N A T I O N A L B A N Κ
O F G R E E C E
NBG Global Markets Roundup | Economics & Markets Section
National Bank of Greece | Economic Research Division | Global Markets Analysis
3
Quote of the week: “We don’t see yet feedback or the
transmission of these higher nominal wages growth into a
higher inflation. It’s taking longer… we know that it’s a
matter of being patient and persistent with the
accommodative monetary policy and it will come, it will
happen”, President of the European Central Bank, Mario
Draghi, May 8th 2019.
Equities
Global equity markets recorded strong losses in the past week, following
the implementation of a tariff hike by the US on $200bn worth of Chinese
imports. The MSCI ACWI index was down by 2.6% wow, with both emerging
and developed markets recording substantial losses (EM: -4.6 %, DM:-2.4%). The
S&P500 fell by 2.2% wow, with Technology (-3.6%) and Banks (-3.2%) leading
the decline, with the latter hurt by falling US Treasury bond yields. However, the
fundamental backdrop for equities remains strong (assuming that a trade war is
avoided). Indeed, regarding the earnings season, out of the 456 companies that
have reported results so far, circa 75% have exceeded analyst estimates. Note
that analyst expectations for EPS growth in Q1:19 stand at -0.5% yoy (-4.1% at
the beginning of the earnings season) from +13.4% in Q4:2018 and +20% yoy in
2018 (estimates for +3.5% yoy in 2019). Furthermore, EPS revisions (number of
companies with upward 12-month forward earnings revisions minus number of
companies with downward revisions divided by the total number of companies),
have turned positive for the first time since December 2018 (see graph). On the
other side of the Atlantic, the Eurostoxx fell by 3.6% wow, with the Autos sector
underperforming (-6.8% wow). In China, CSI 300 fell by 4.7% wow, albeit it
recovered some of its losses on Friday (+3.6%), as US-China trade talks continue.

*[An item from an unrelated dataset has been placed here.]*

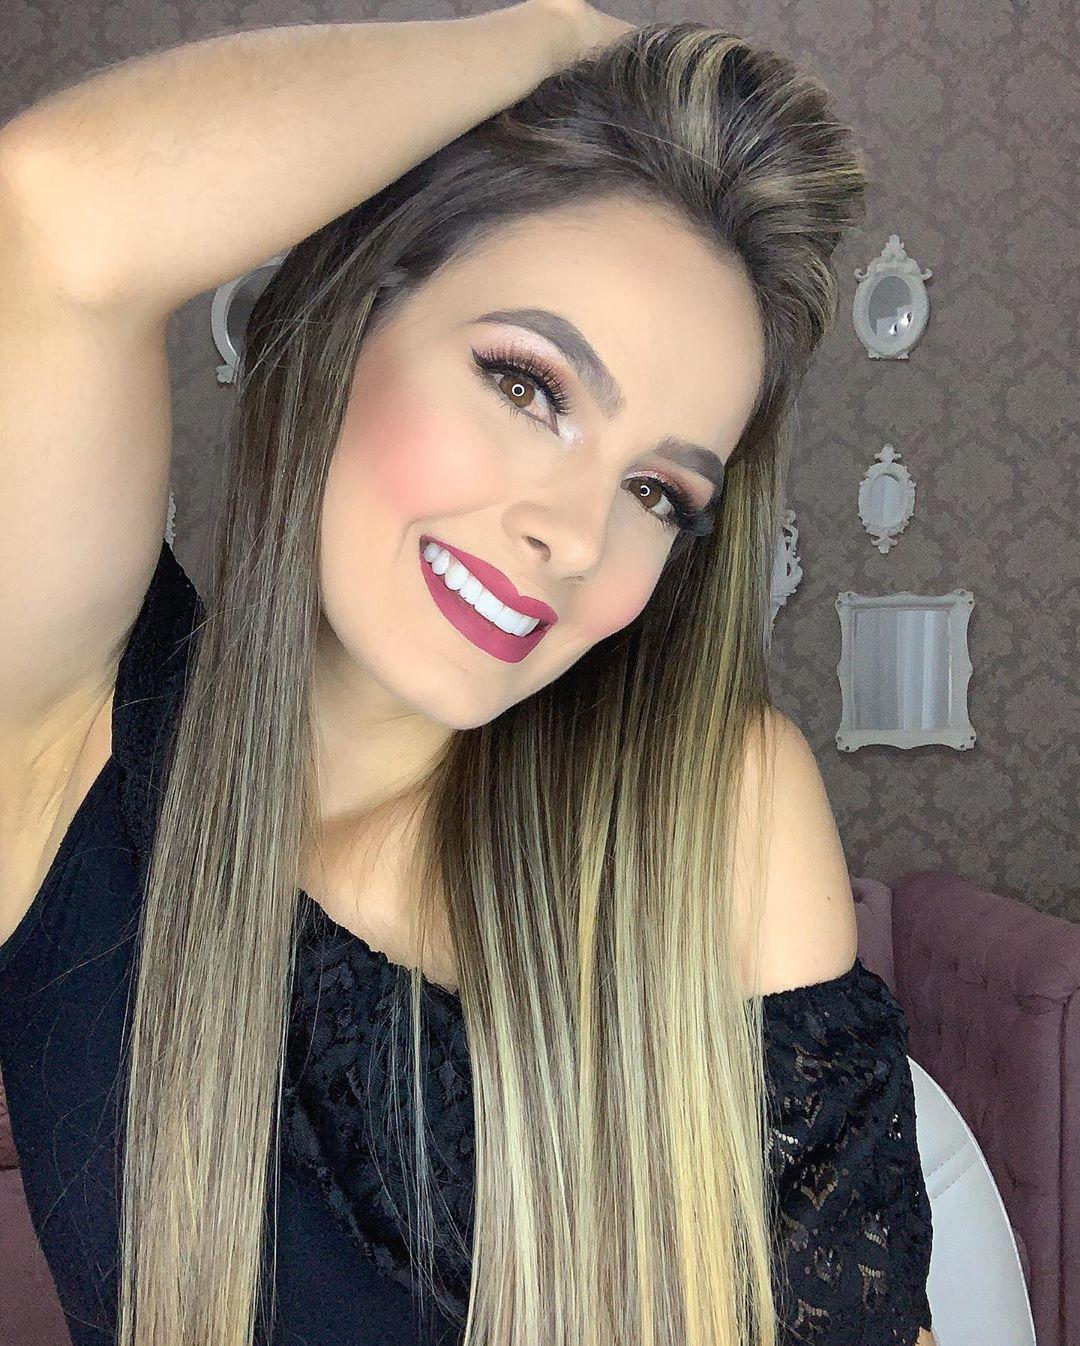 Ana-Jessica-Wallpapers-Insta-Fit-Bio-5

However, on Monday, Chinese equities fell by -1.7%, as China announced that it
will impose retaliatory tariffs.
Fixed Income Government bond yields declined in the past week, due to increased safe
haven demand, following the escalation of the trade war. Specifically, US
Treasury 10-year yields fell by 6 bps to 2.47%, while their 2-year counterpart was
down by 7 bps wow to 2.27%. In Europe, the German 10-year Bund yield, fell by
7 bps to -0.05%, the lowest level in a month, while the UK’s 10-year Gilt yield fell
by 8 bps to 1.14% as Brexit uncertainty remains. In Italy, the 10-year yield rose
by 12 bps wow to 2.68% (the highest level in 2 months) and the yield spread
over Bund rose by 19 bps wow to 273 bps as risk aversion increased due to
infighting within Italy’s ruling coalition and a warning from the European
Commission on public finances. Corporate bond spreads widened in the past
week, amid higher risk aversion following negative headlines, on: i) US-China
trade; ii) Italy; and iii) the Iran and North Korea weapons programs. Specifically,
in the HY spectrum, both US and euro area spreads increased by 29 bps to 401
bps and 402 bps, respectively. In the investment grade spectrum, spreads were
up by 4 bps to 122 bps in the US and by 9 bps to 118 bps in the euro area.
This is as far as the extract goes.